Just to see if I got it right.
$\Bbb Z [ \sqrt{-5}]$ has only 1 and -1 as a unit as seen here:
units of $\mathbb Z[\sqrt{-5}]$
I konow that. Let $a, b \in D$, $a$ and $b$ are said to be associated if $a\mid b$ and $b\mid a$. But as the only units are $1$ and $-1$, then there is no $ \neq b$ such that $a = ub$, as seen here:
Prove that $2$, $3$, $1+ \sqrt{-5}$, and $1-\sqrt{-5}$ are irreducible in $\mathbb{Z}[\sqrt{-5}]$.
So $2 + \sqrt{ -5} $ has no associates.
It sounds like you have the right idea, but you have omitted a lot of details. Let me fill them in.

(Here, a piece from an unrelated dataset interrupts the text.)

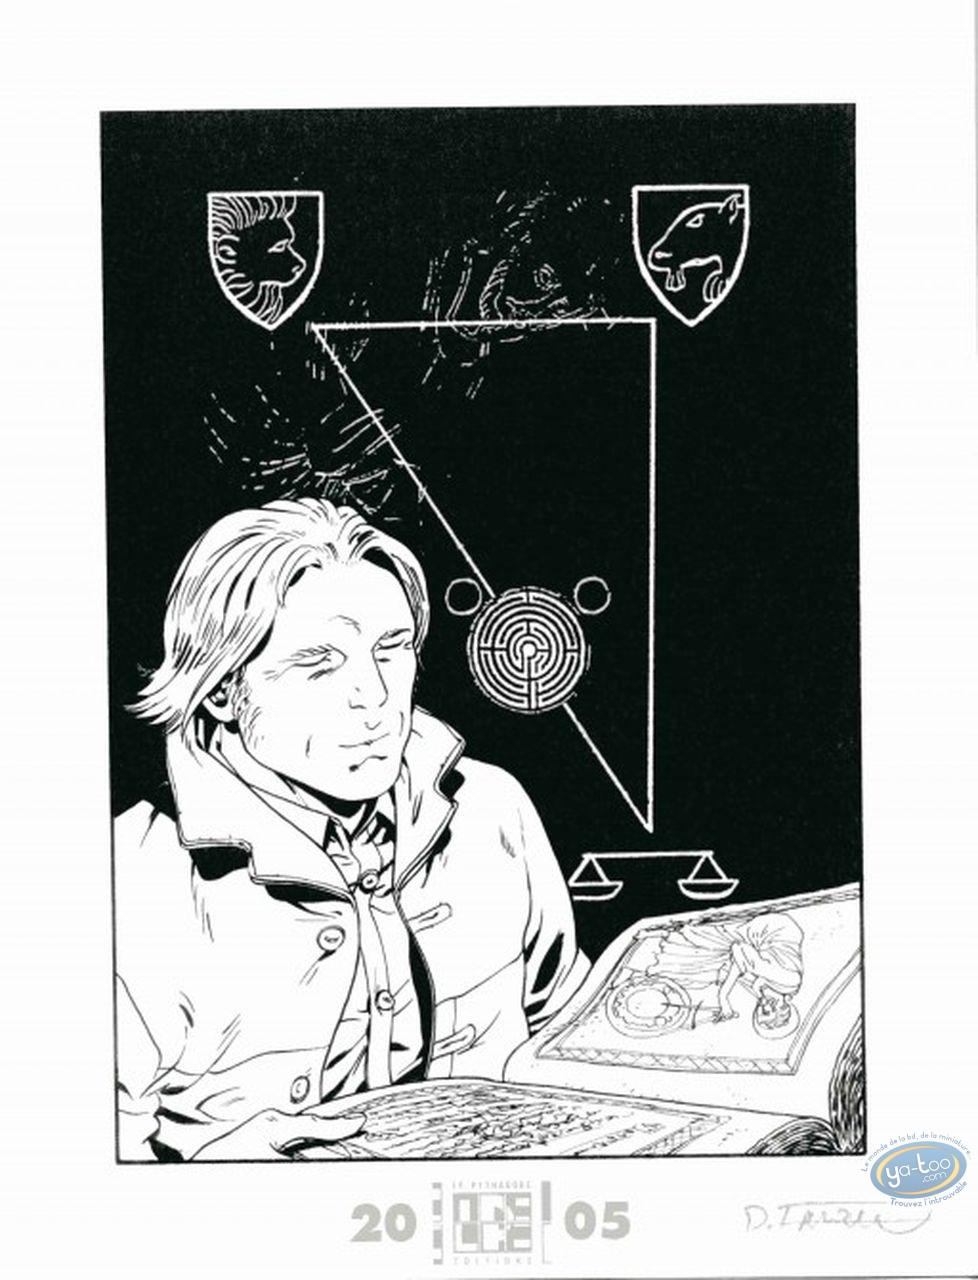 Bookplate Offset, Triangle Secret (Le) : The Book
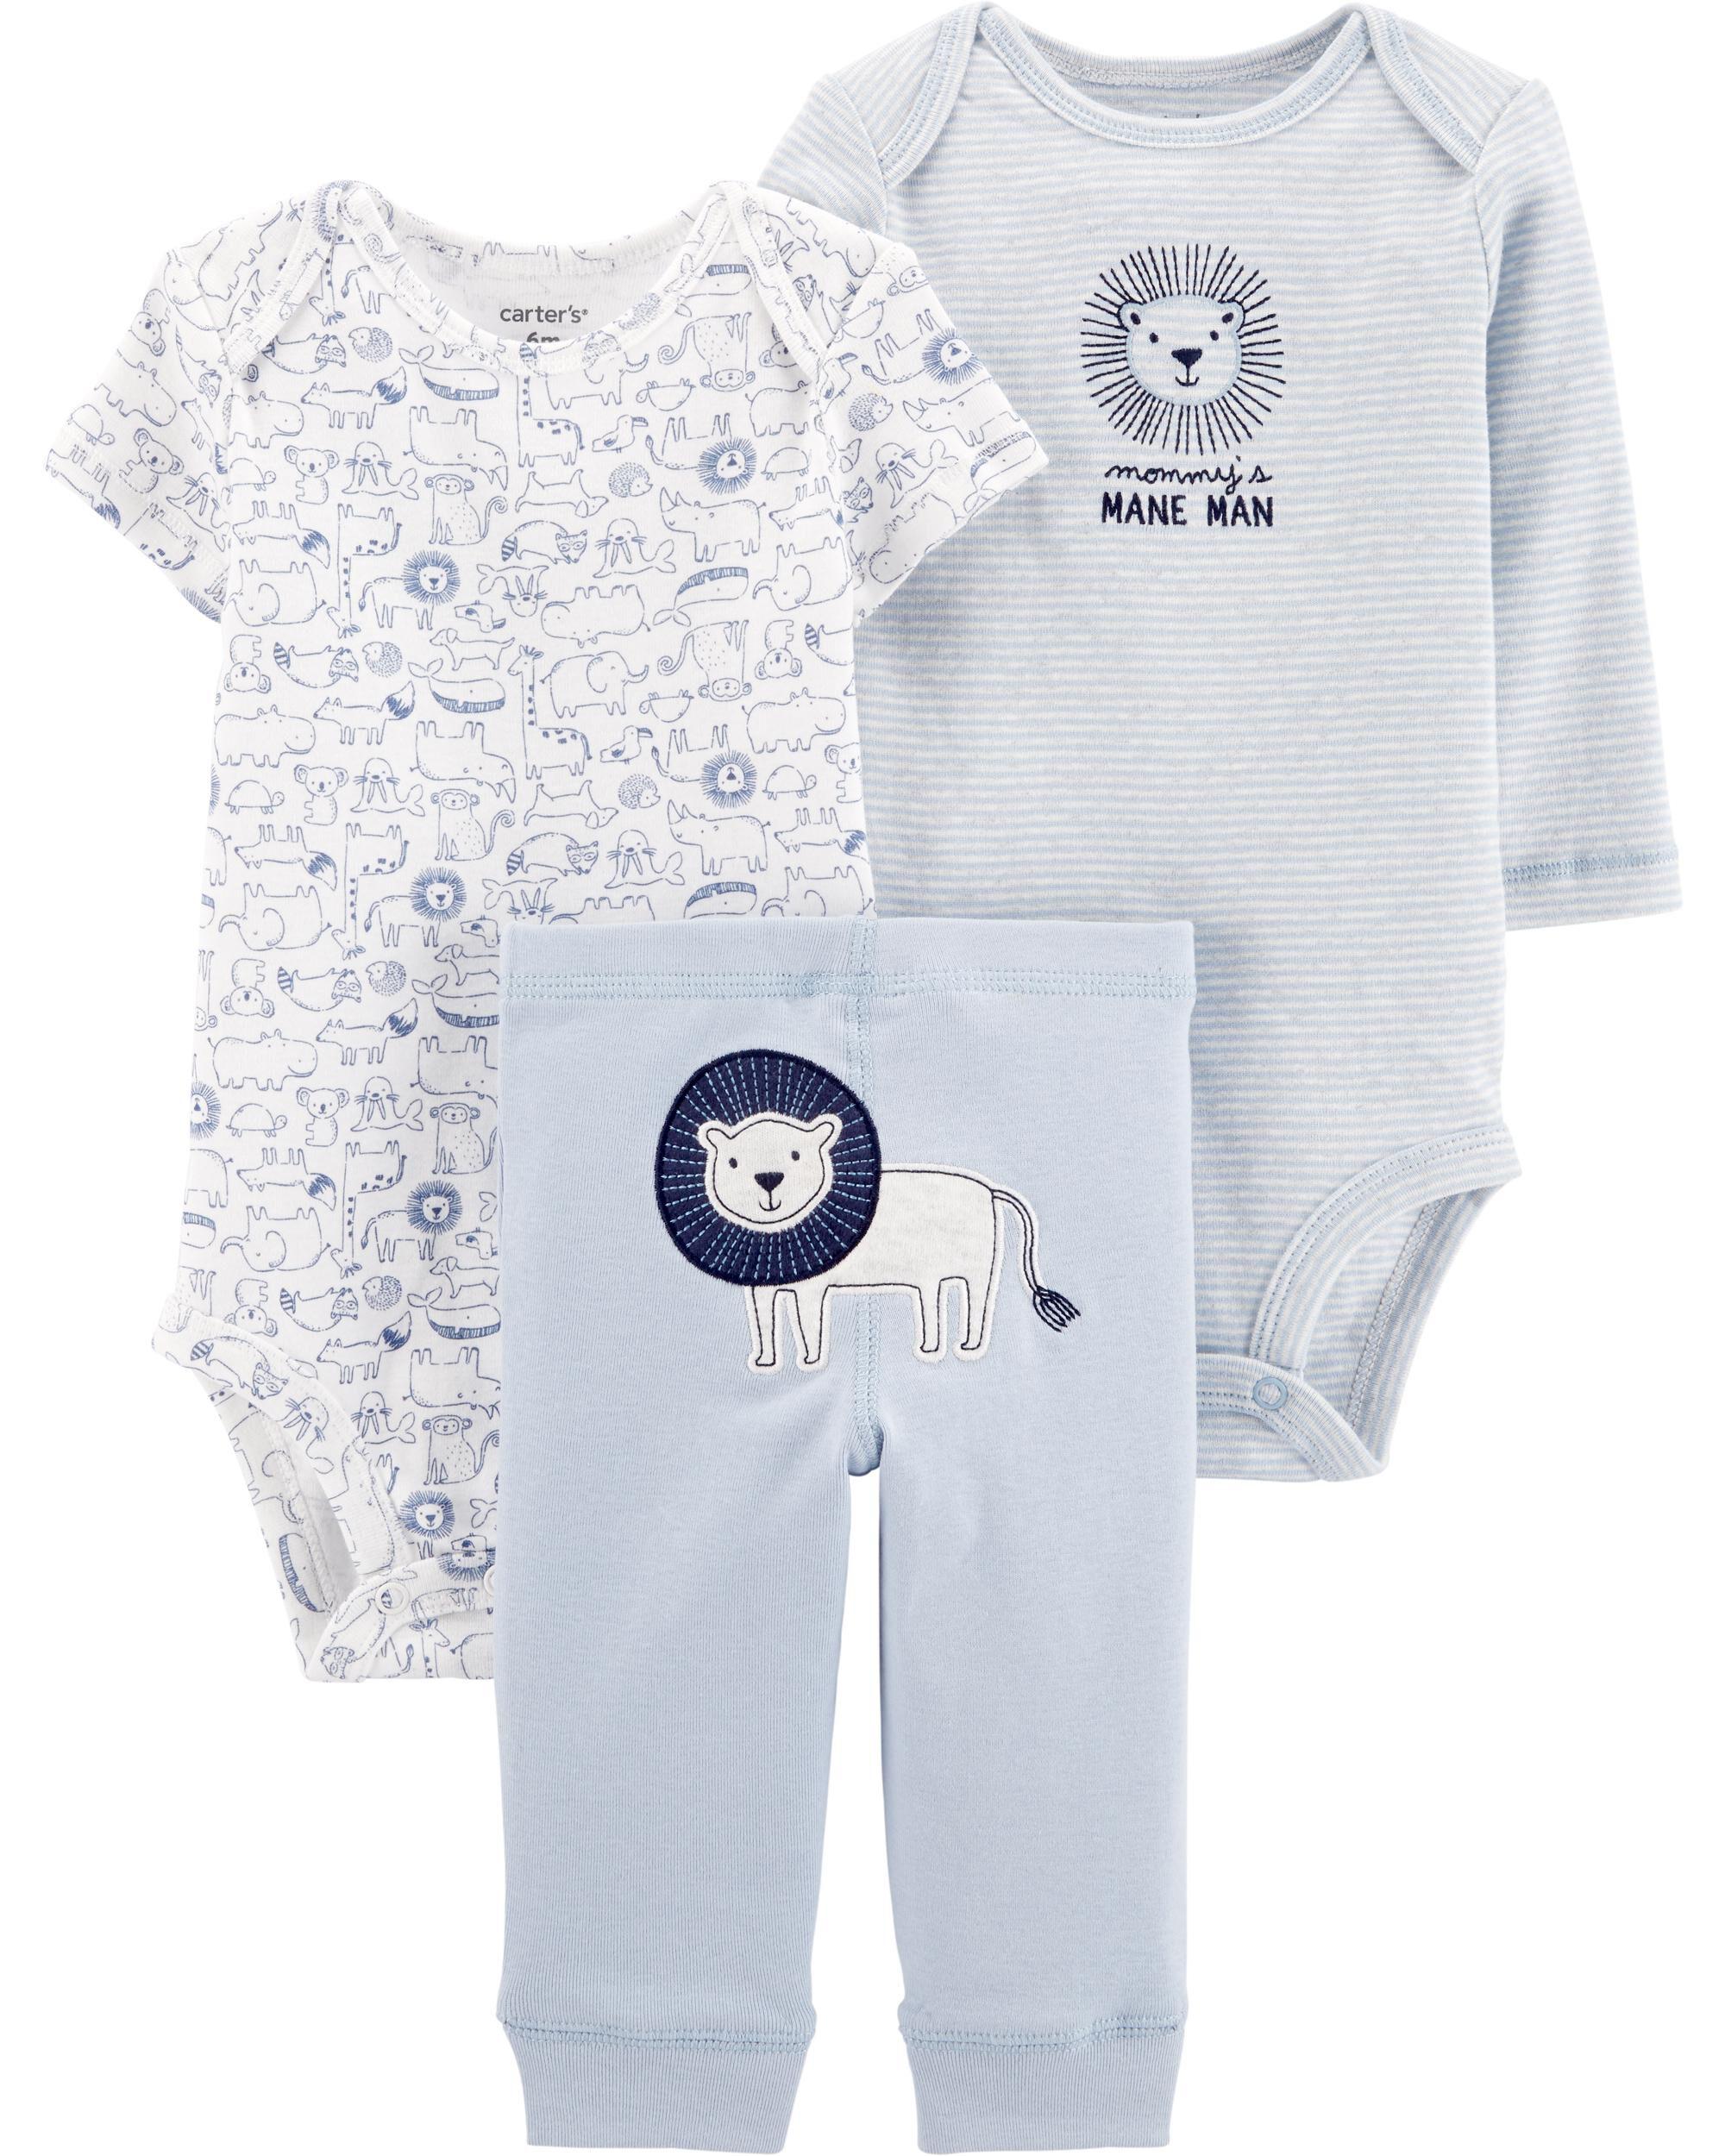 NEW Carter/'s Baby Boys/' 3 Piece Paw Print Little Jacket Set Various Sizes

Let $a$ be an associate of $2 + \sqrt{-5}$ in $\Bbb{Z}[\sqrt{-5}]$. Then we find that there exist $b,c\in\Bbb{Z}[\sqrt{-5}]$ such that $(2 + \sqrt{-5})b = a$ and $ac = 2 + \sqrt{-5}$. Combining these equations and rearranging, we find that $$ (2 + \sqrt{-5})(bc - 1) = 0. $$
Now, $2 + \sqrt{-5}$ is not a zero divisor in $\Bbb{Z}[\sqrt{-5}]$, so that we must have $bc = 1.$ Thus, $b$ and $c$ are units, so that $b,c\in\{1,-1\}.$ If $bc = 1,$ we must have $b = c,$ so that the only associates of $2 + \sqrt{-5}$ in $\Bbb{Z}[\sqrt{-5}]$ are $\pm(2 + \sqrt{-5}).$